Permutations and Combinations - Permutations

Fundamental Principle of Counting (Multiplication Principle): If one event can occur in $m$ different ways, and following it, another event can occur in $n$ different ways, then the total number of ways both events can occur in the specified order is $m \times n$. Visual: Imagine a tree diagram where the first choice creates $m$ main branches, and each of those branches splits into $n$ smaller sub-branches, resulting in $m \times n$ total paths.

Factorial Notation ($n!$): The product of the first $n$ natural numbers is called $n$ factorial, denoted by $n!$. It is defined as $n! = n \times (n-1) \times (n-2) \times \dots \times 1$. By convention, $0! = 1$. Visual: Think of this as a sequence of numbers decreasing by one at each step, representing the diminishing number of choices available as you fill positions.

Definition of Permutation: A permutation is an arrangement of a specific number of objects in a definite order. Unlike combinations, the order of arrangement is critical. Visual: If you have two colored blocks, Red ($R$) and Blue ($B$), the arrangement $(R, B)$ is visually and mathematically distinct from $(B, R)$ in permutations.

Permutations of $n$ Distinct Objects taken $r$ at a time: When we arrange $r$ objects out of $n$ available distinct objects without replacement, the number of permutations is denoted by $^nP_r$. Visual: Imagine $r$ empty boxes in a row; you have $n$ choices for the first box, $n-1$ for the second, and you continue until all $r$ boxes are filled.

Permutations when Repetition is Allowed: If the objects can be reused (replacement allowed), the number of permutations of $n$ objects taken $r$ at a time is $n^r$. Visual: Imagine a digital lock with 3 dials, where each dial can be any digit from 0-9. Every dial always has 10 options regardless of what the previous dial was set to.

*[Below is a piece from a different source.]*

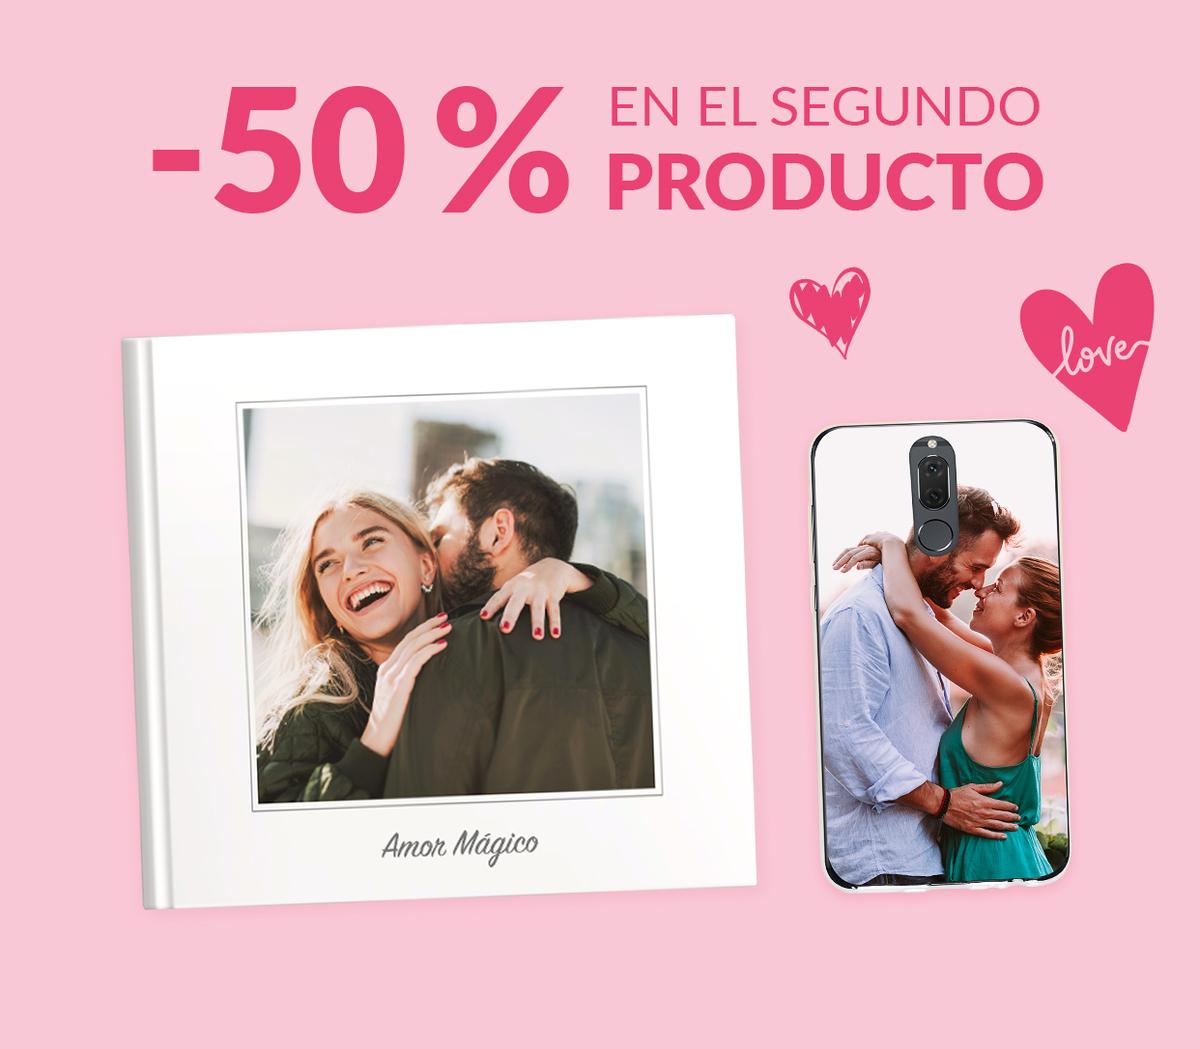 -50% en el segundo producto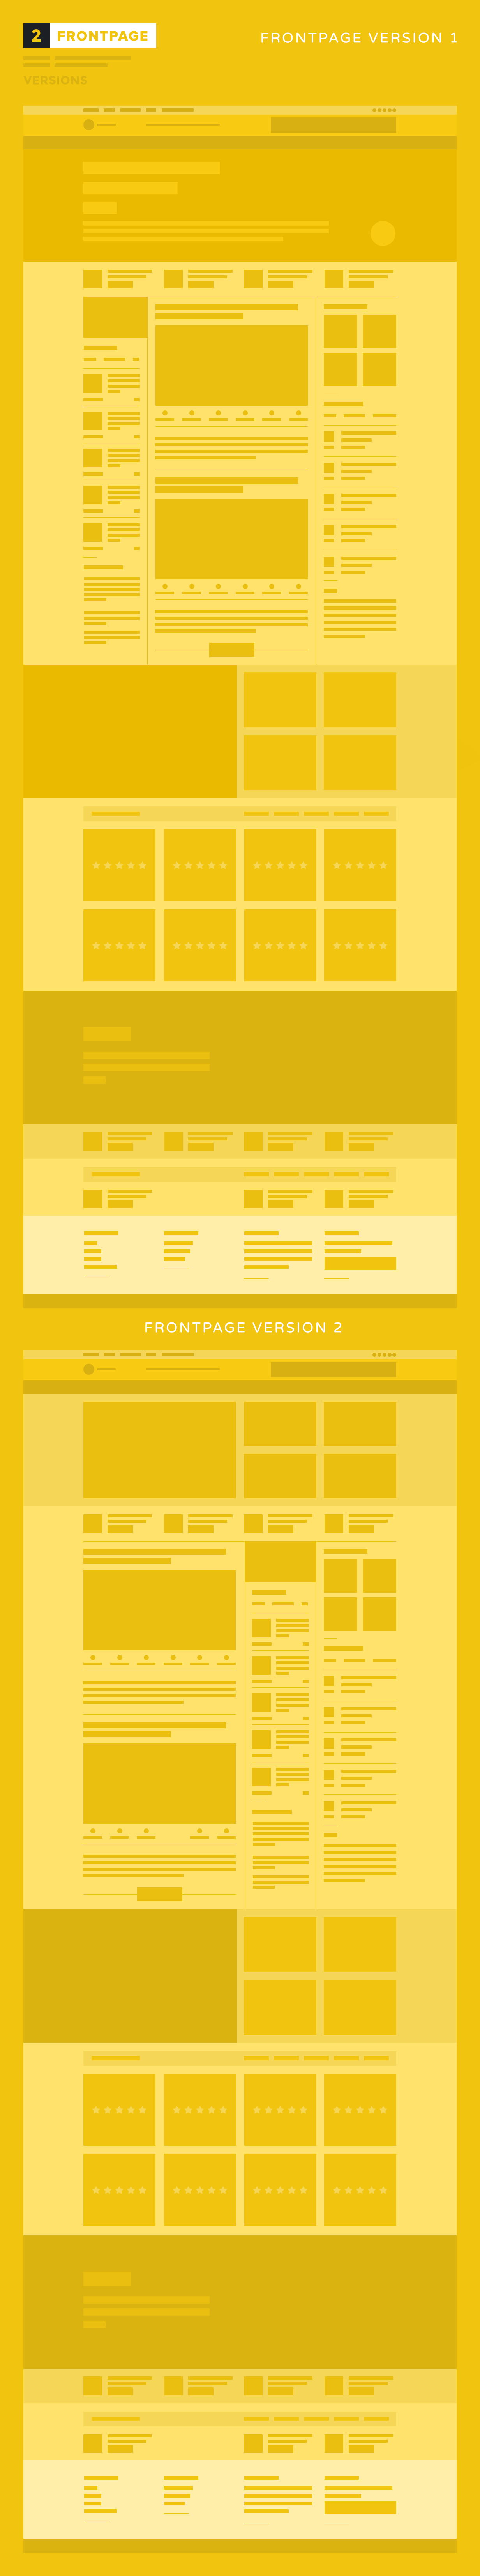 Wagazine - Revista y comentarios Tema adaptable de WordPress - 3

Permutations of Objects Not All Distinct: The number of permutations of $n$ objects, where $p$ objects are of one kind, $q$ objects are of a second kind, and the rest are all different, is given by $\frac{n!}{p!q!}$. Visual: If you arrange the letters in 'BOO', the two 'O's are identical. Swapping them doesn't change the look of the word, so we divide the total arrangements ($3!$) by the ways to arrange the identical items ($2!$) to remove duplicates.

Constraints in Permutations: Sometimes certain items must stay together or certain items must never be together. Visual: If items A and B must be together, we 'tie' them into a single block. This block and the remaining items are then arranged like a single unit, and then A and B are arranged within their own internal block.